A conventional plastic reflecting cup 63 can then be bonded to the thermal mass if a reflector is needed. This arrangement allows for the use of an existing reflecting cup while still providing an enhanced thermal mass for reducing temperature fluctuations in the LEDs.

In the embodiments described above, each chip was connected to the heat conducting layer by a single metal filled via. However, embodiments that utilize a number of smaller vias can also be constructed. Refer now to FIG. 4, which illustrates another embodiment of an LED light source according to the present invention. To simplify the following discussion, those elements of light source 70 that serve function analogous to those discussed above with reference to FIG. 2 have been given the same numeric designations and will not be discussed further here.

In light source 70, the LED chips are mounted on a common internal heat conducting layer 72 using a heat conducting adhesive. Heat conducting layer 72 is thermally and electrically connected to heat conducting layer 44 by a plurality of vias 71 that are filled with metal. The total cross-sectional area of vias 71 is sufficient to conduct the heat generated by the LED chips to heat conducting layer 44 while maintaining the temperature of the LED chips at an acceptable level. The additional heat conducting layer 72 also increases the effective thermal mass connected to the LEDs, and hence, reduces any thermal fluctuations to which the LEDs are subjected if the power levels are varied over short periods of time.

Various modifications to the present invention will become apparent to those skilled in the art from the foregoing description and accompanying drawings.
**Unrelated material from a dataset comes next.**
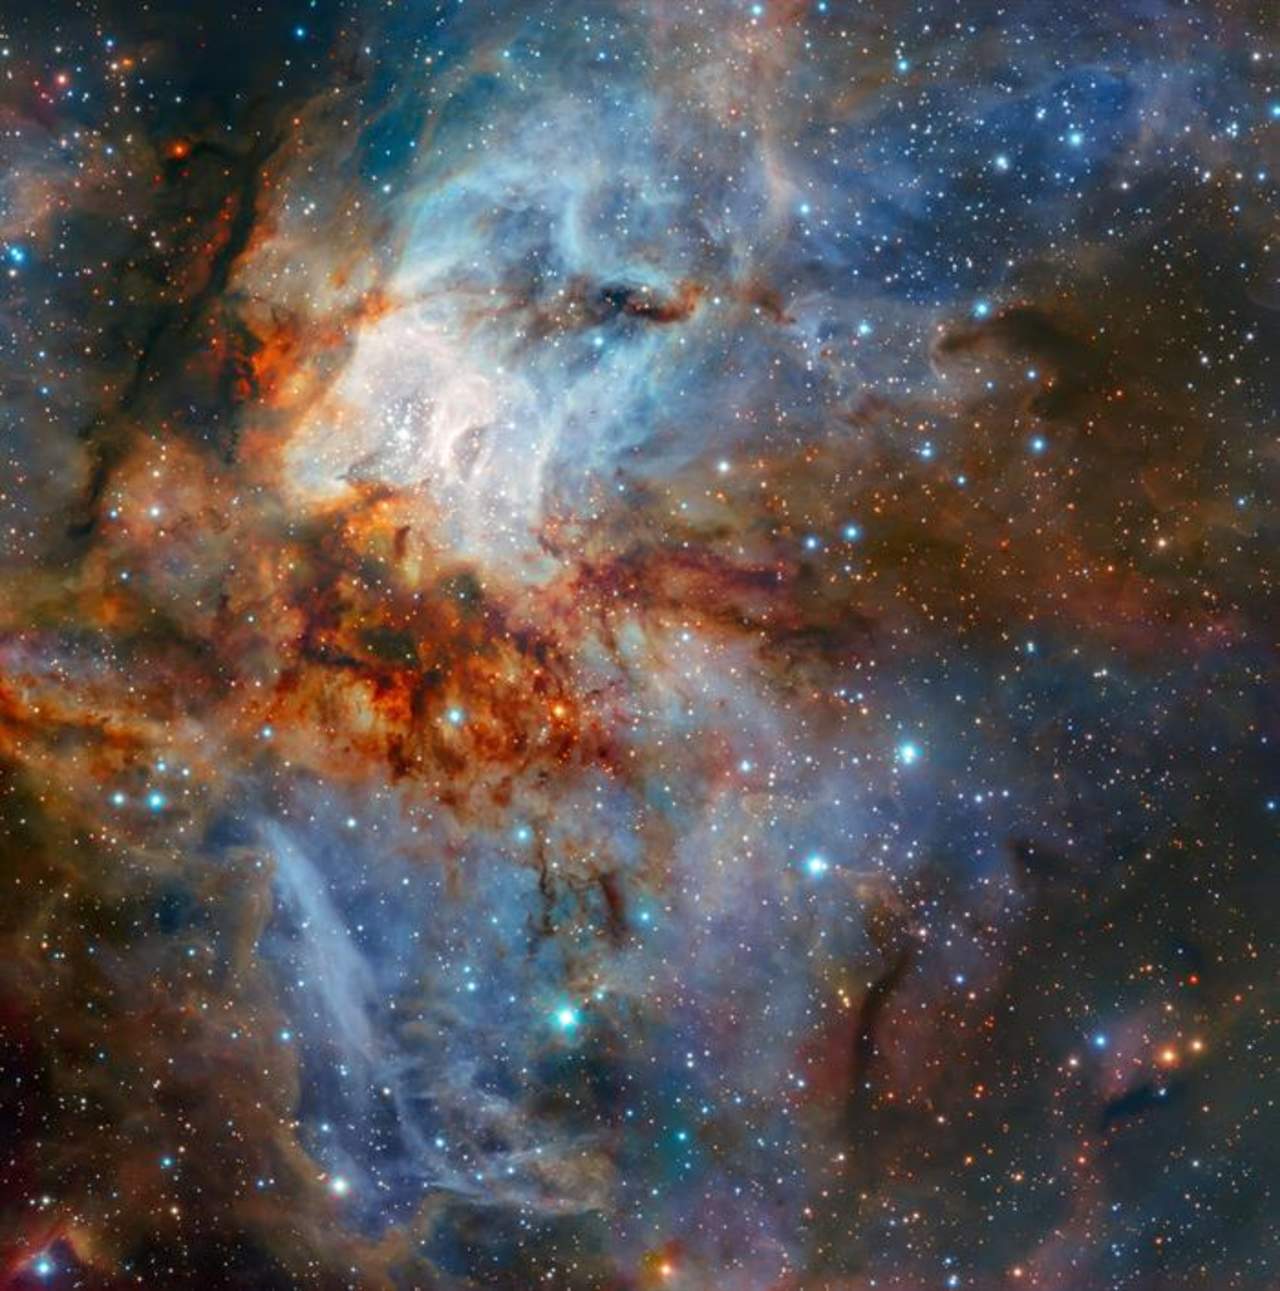 Captan imagen detallada del cúmulo estelar RCW 38
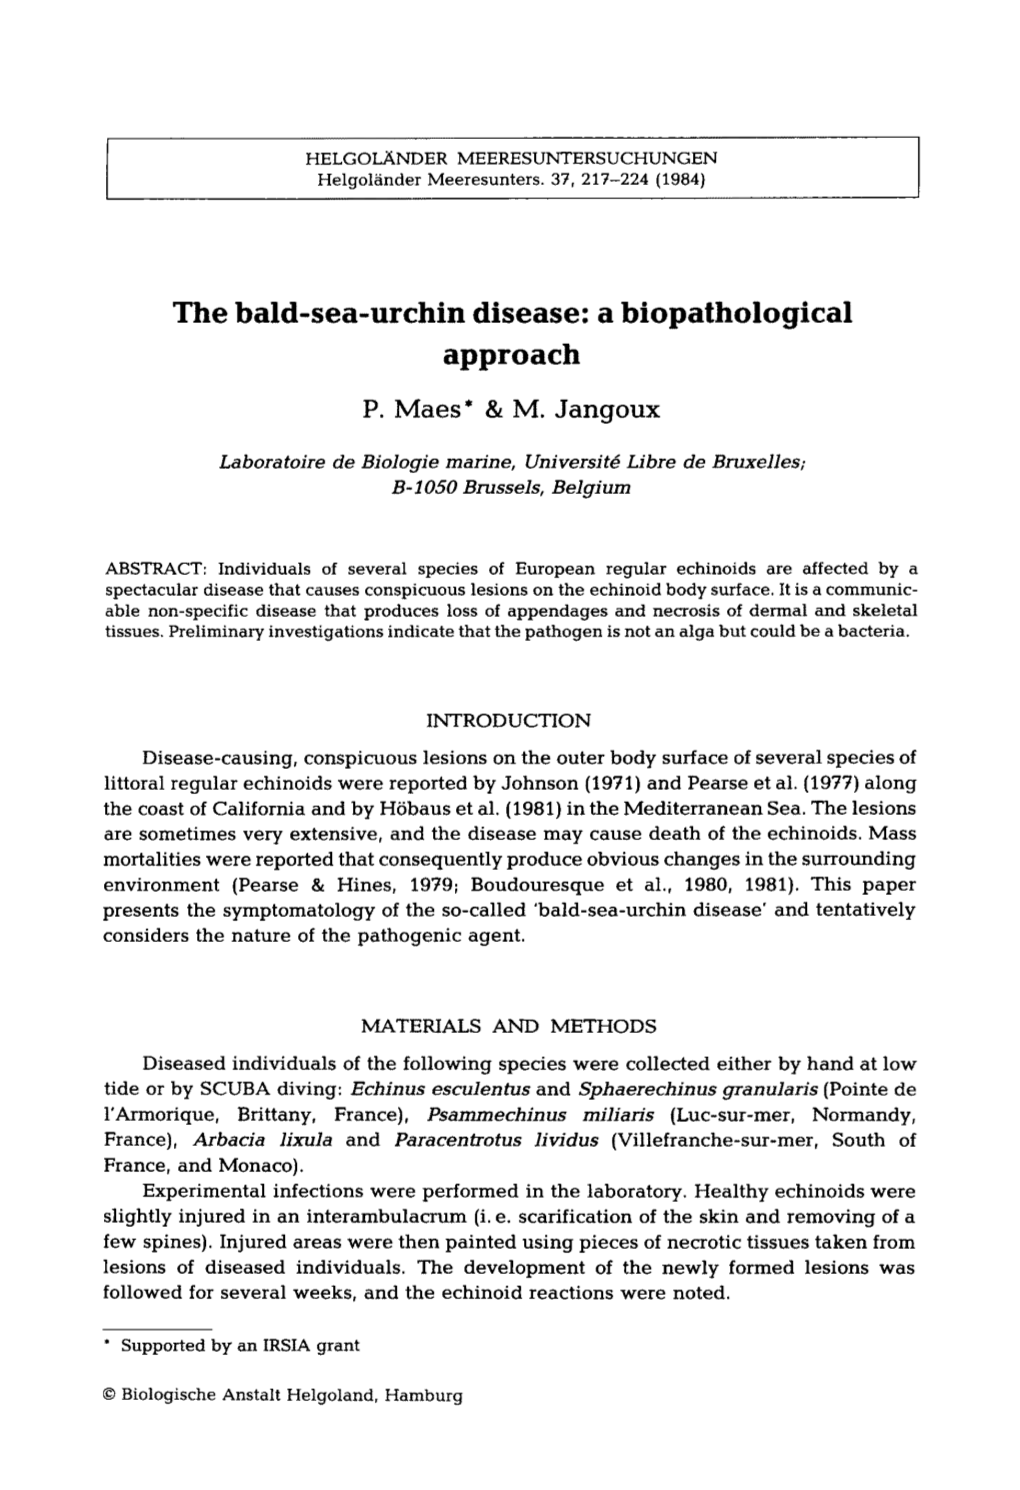 The Bald-Sea-Urchin Disease: a Biopathological Approach

Accordingly, the present invention is to be limited solely by the scope of the following claims.

Claims

1. A light source comprising:

a substrate having first and second surfaces, said substrate having first and second conducting traces on said first surface;

a heat conducting metallic layer attached to said second surface;

first and second LEDs disposed on said first surface, each LED having first and second contacts for powering that LED, said first contact being connected to a corresponding one of said first and second conducting traces;

first and second conducting vias in contact with said first and second LEDs, respectively, said first and second conducting vias extending from said first surface through said substrate and contacting said heat conducting metallic layer, said second contacts of said first and second LEDs being electrically connected to said first and second conducting vias, respectively; and

first and second external terminals disposed on said second surface, said first and second external terminals being connected to said first and second conducting traces.

2. The light source of claim 1 further comprising a thermal mass in contact with said first surface and thermally connected to said heat conducting metallic layer.

3. The light source of claim 2 wherein said thermal mass further comprises a reflecting cup that extends above said LEDs and reflects light leaving said LEDs.

4. The light source of claim 1 wherein said first LED is powered by applying electrical potential between said first external terminal and said heat conducting metallic layer, and said second LED is powered by applying a potential between said second external terminal and said heat conducting metallic layer.